> Your task
Once you find the line below that has "carlton-london-textured-quilted-structured-handheld-bag", output it and every line after it exactly, stopping after the line that has "In my relations", with no pictures.

> Dataset entries
****

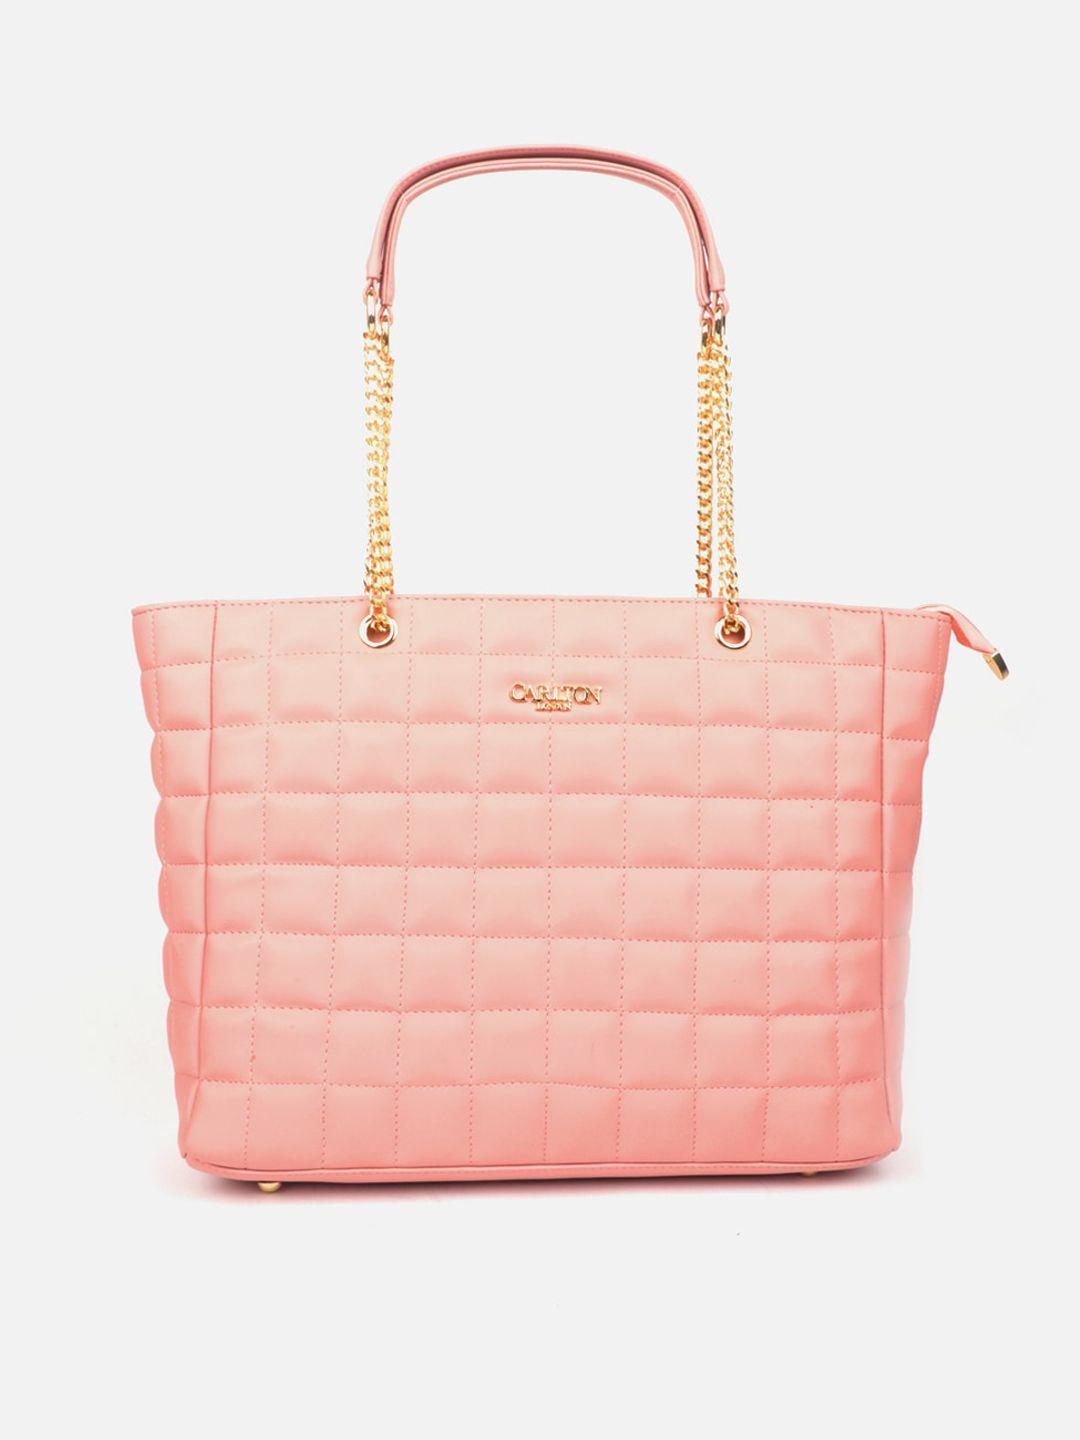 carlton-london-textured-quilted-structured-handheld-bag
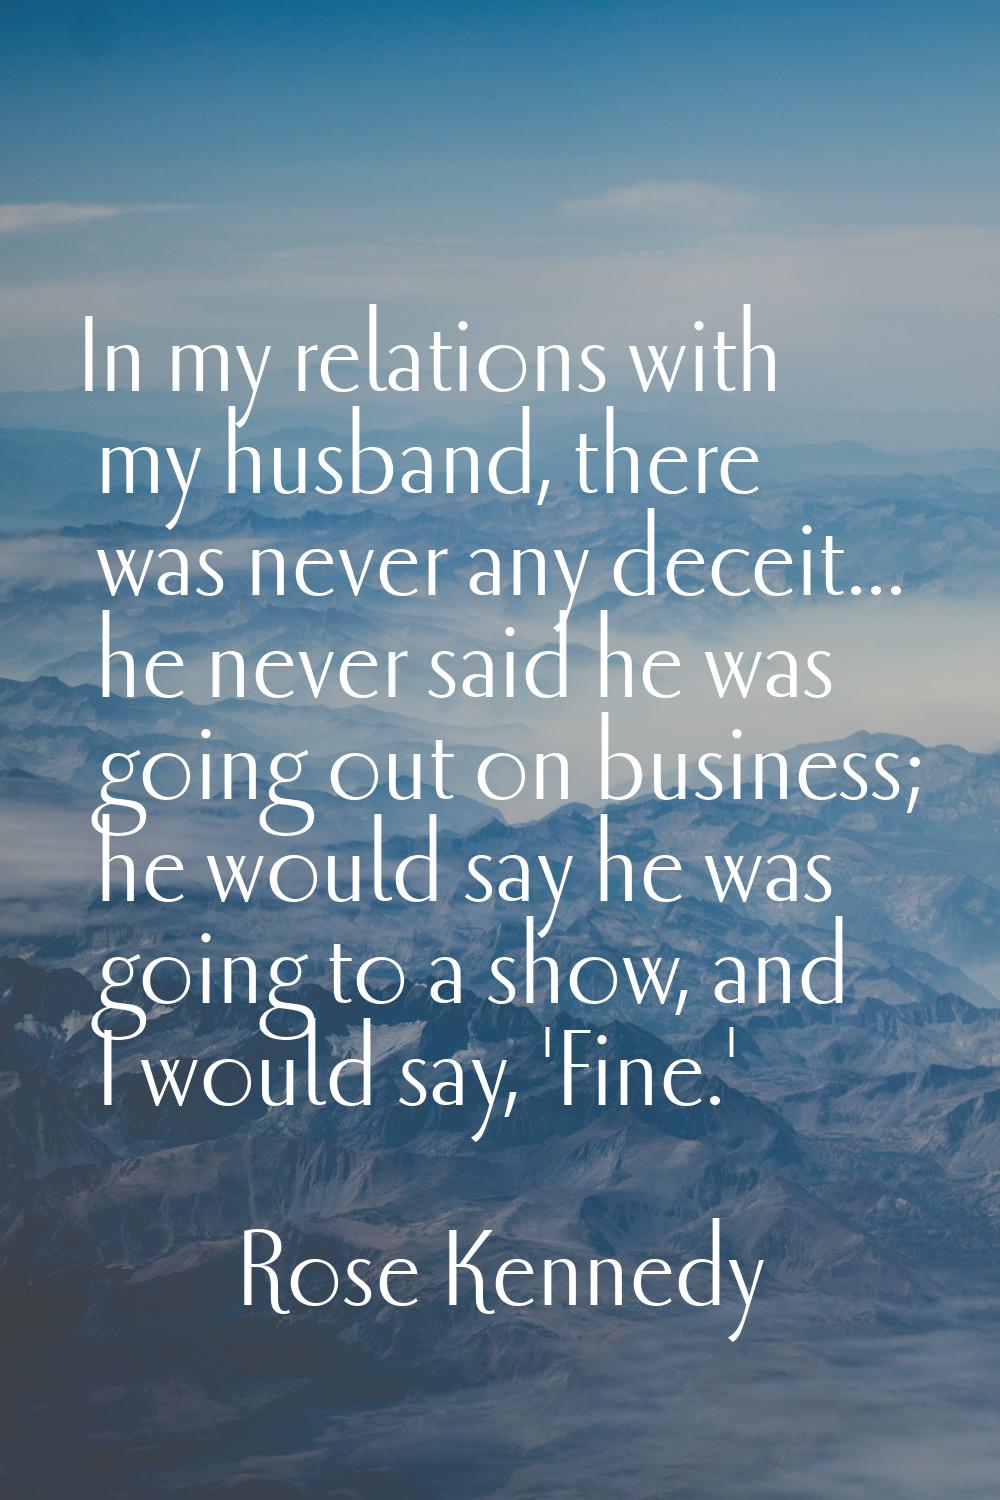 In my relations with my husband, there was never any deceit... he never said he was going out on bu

****

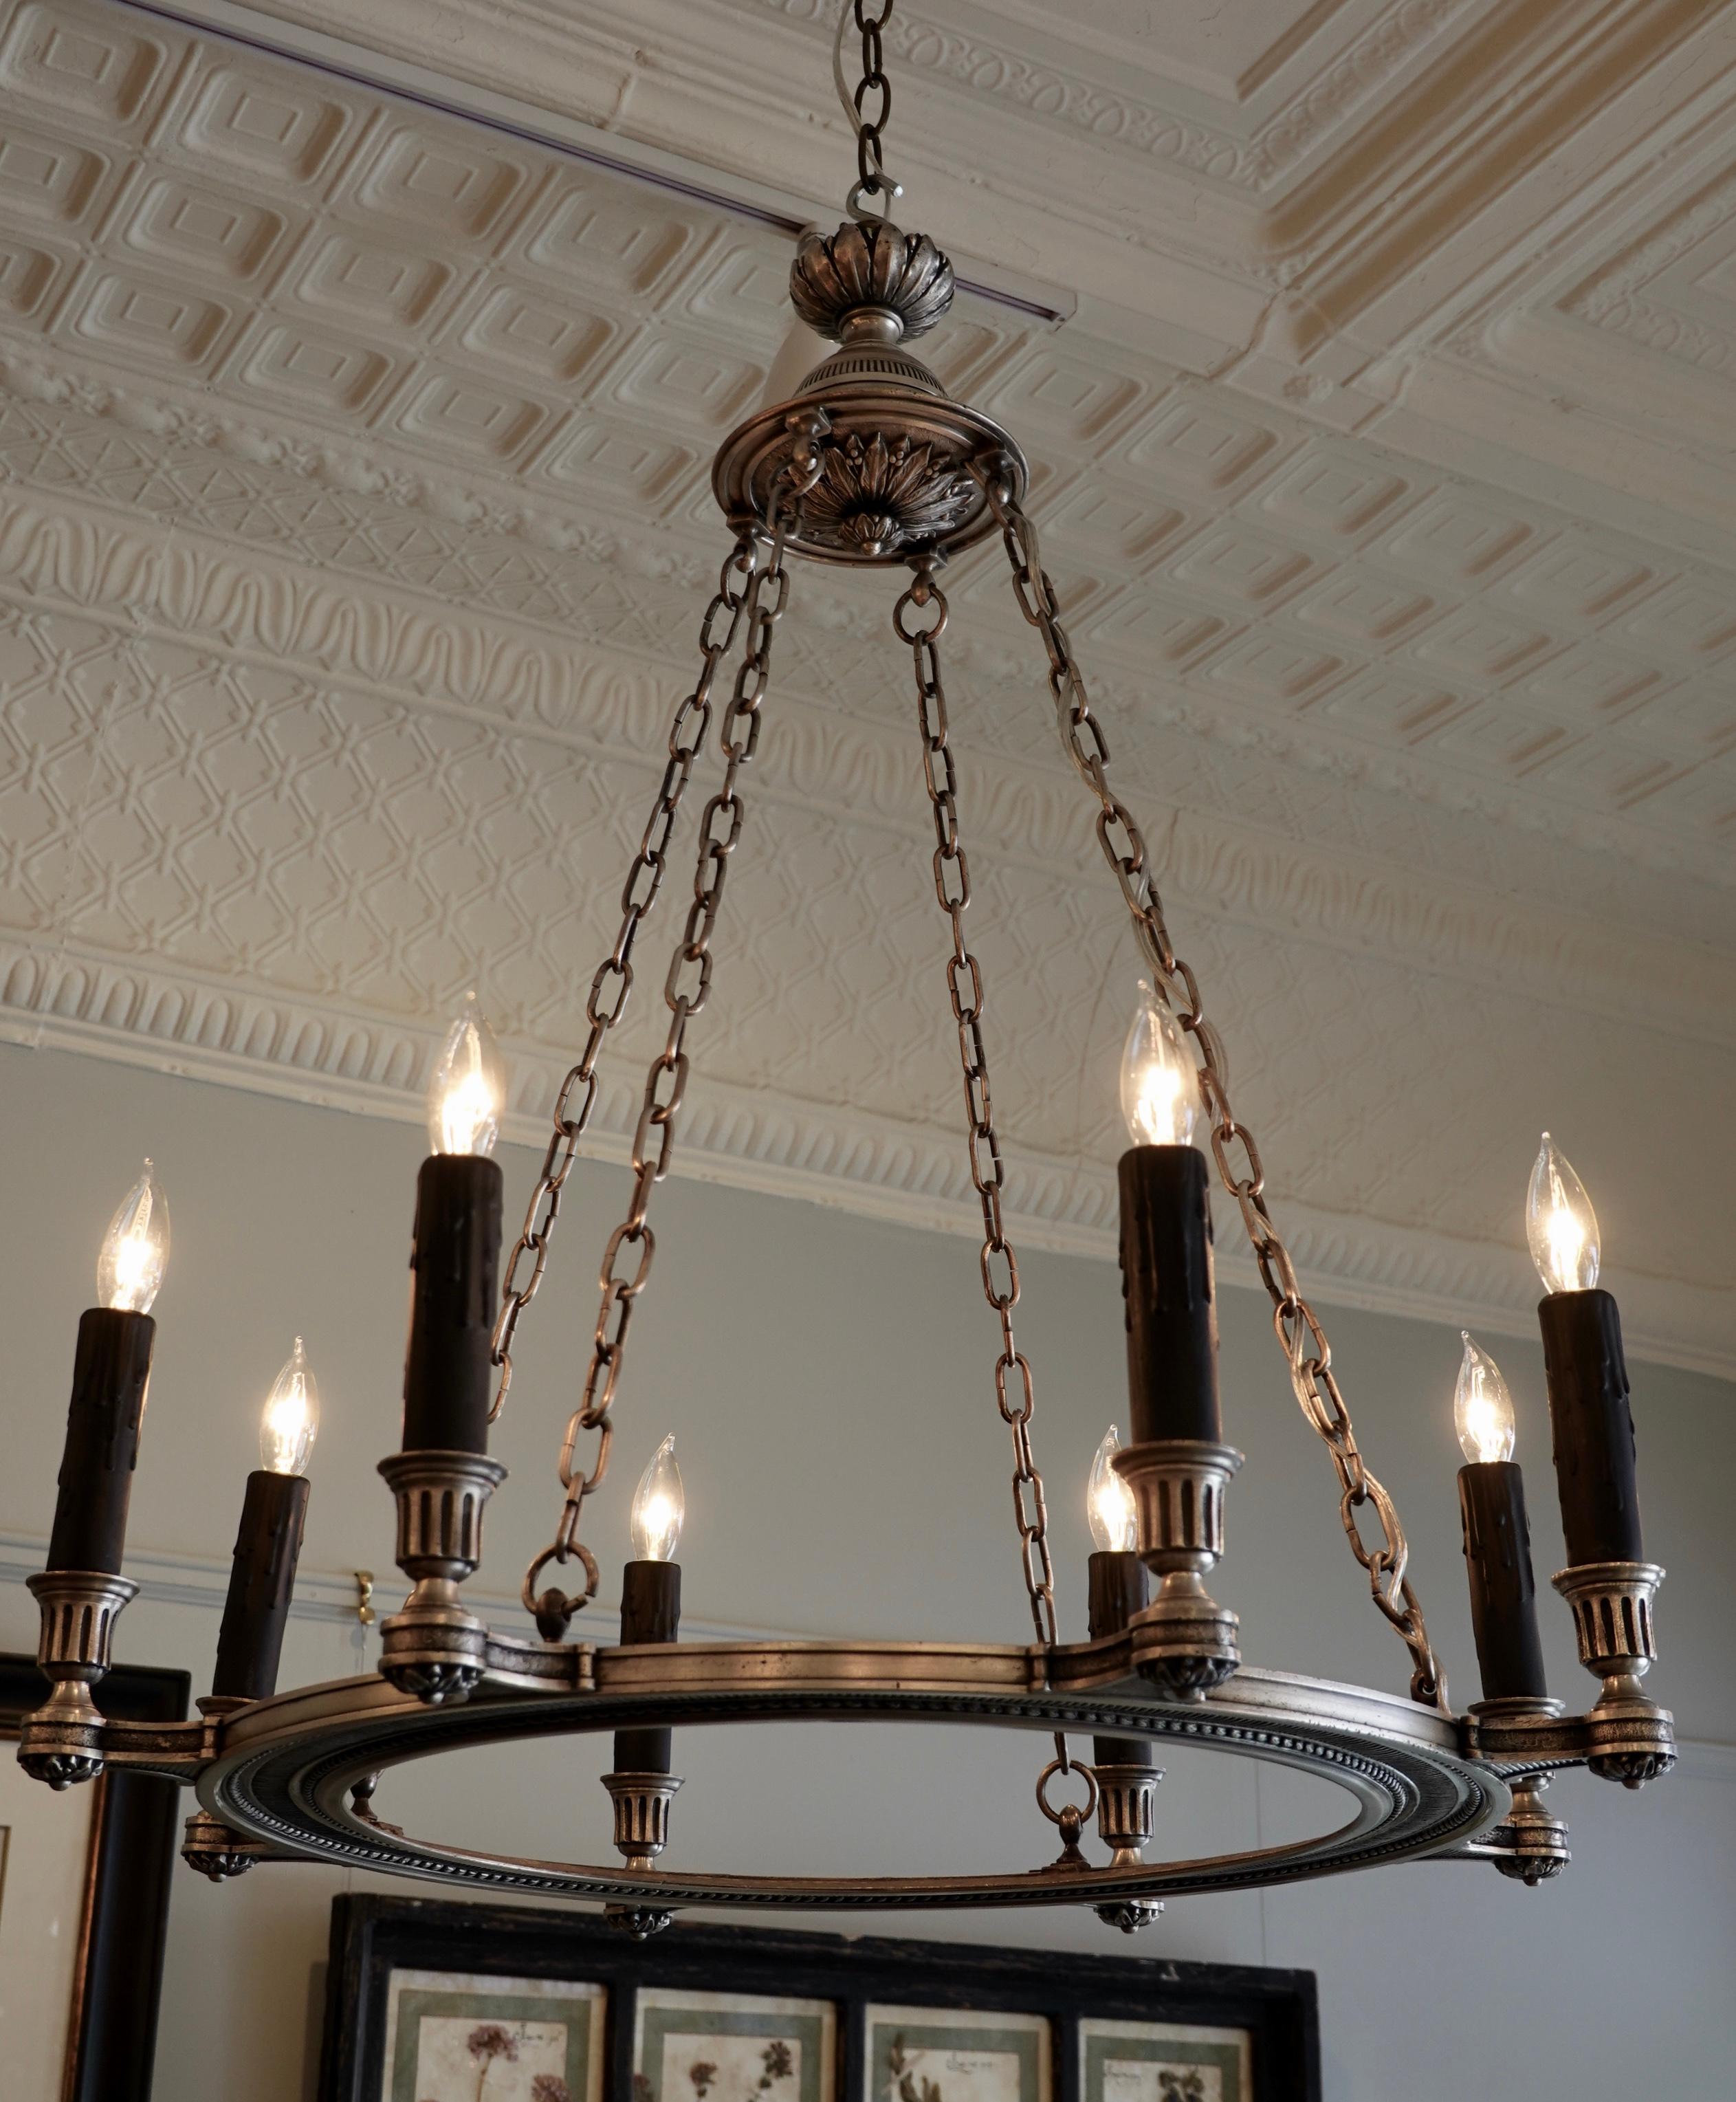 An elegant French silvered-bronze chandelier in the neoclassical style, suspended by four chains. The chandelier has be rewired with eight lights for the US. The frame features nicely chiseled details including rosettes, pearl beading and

****

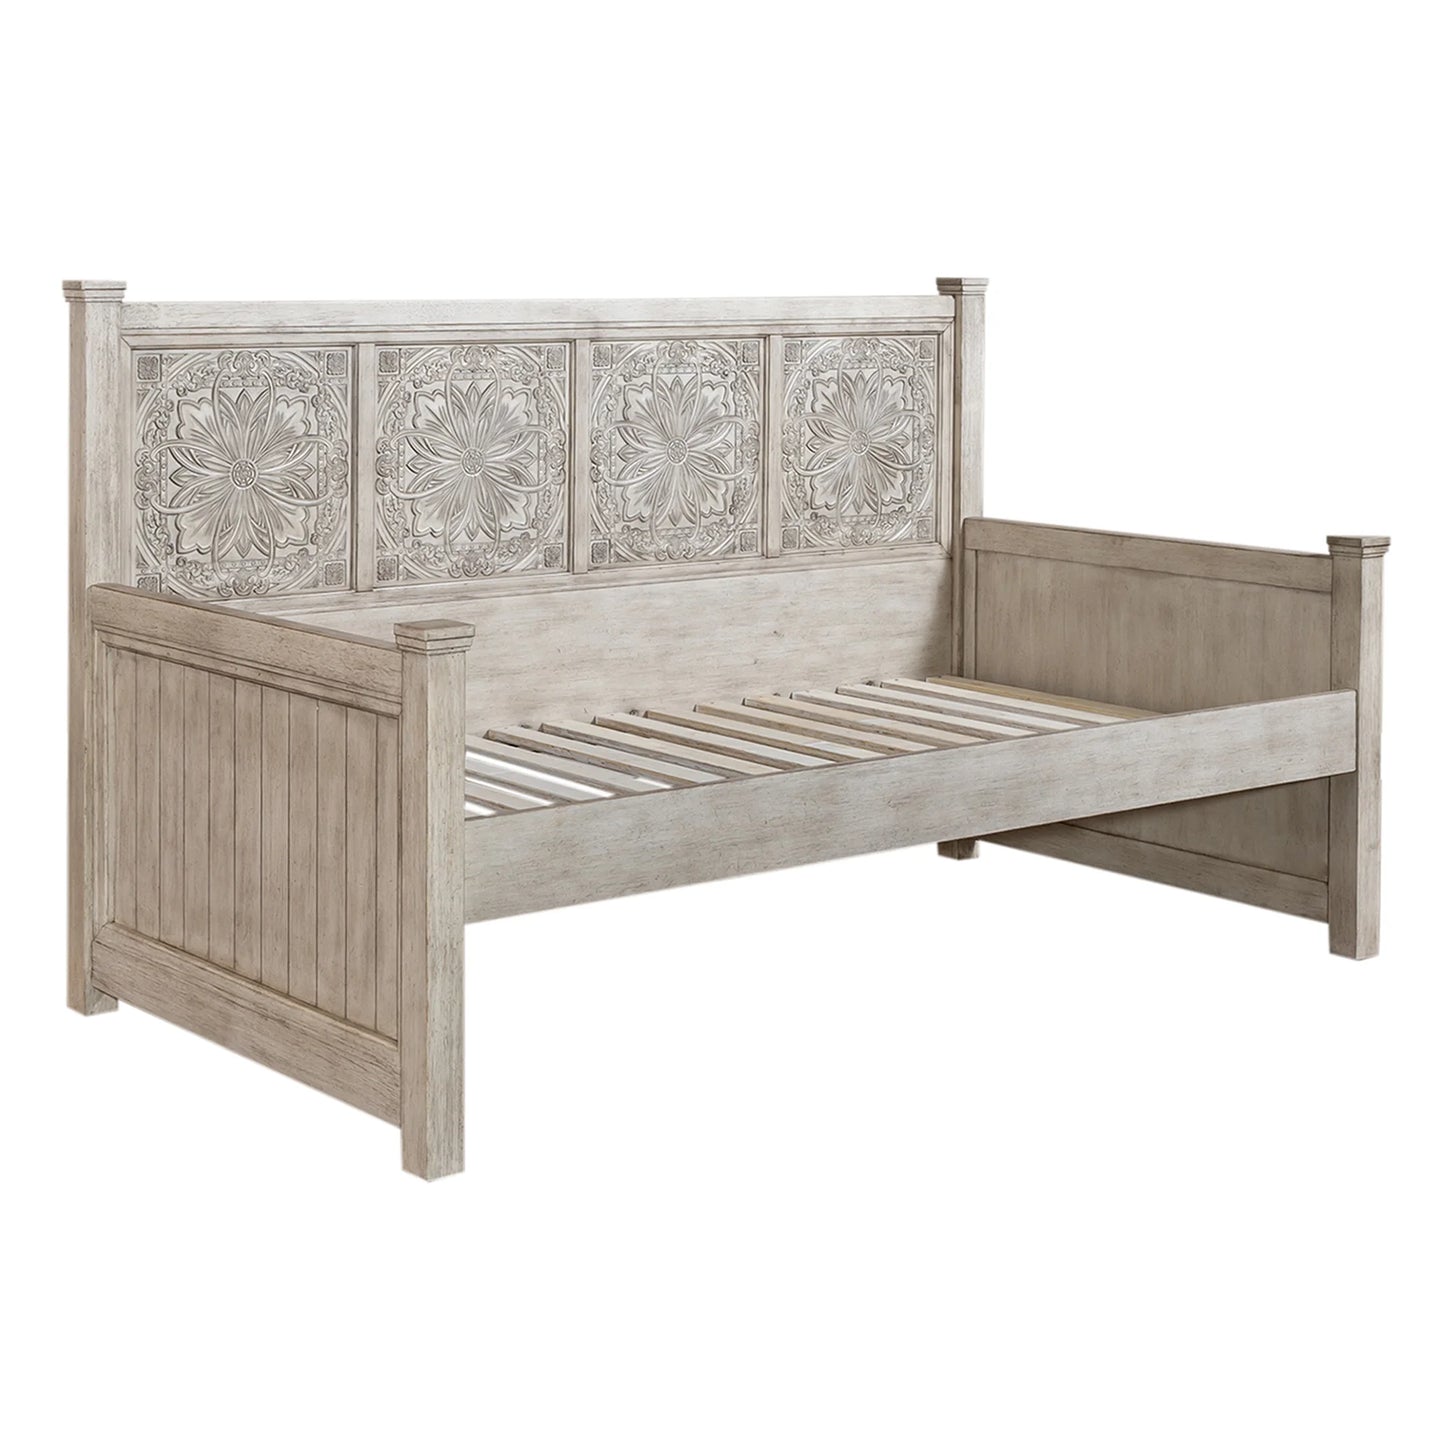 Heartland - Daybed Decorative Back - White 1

****

> Final answer
 carlton-london-textured-quilted-structured-handheld-bag
 In my relations with my husband, there was never any deceit... he never said he was going out on bu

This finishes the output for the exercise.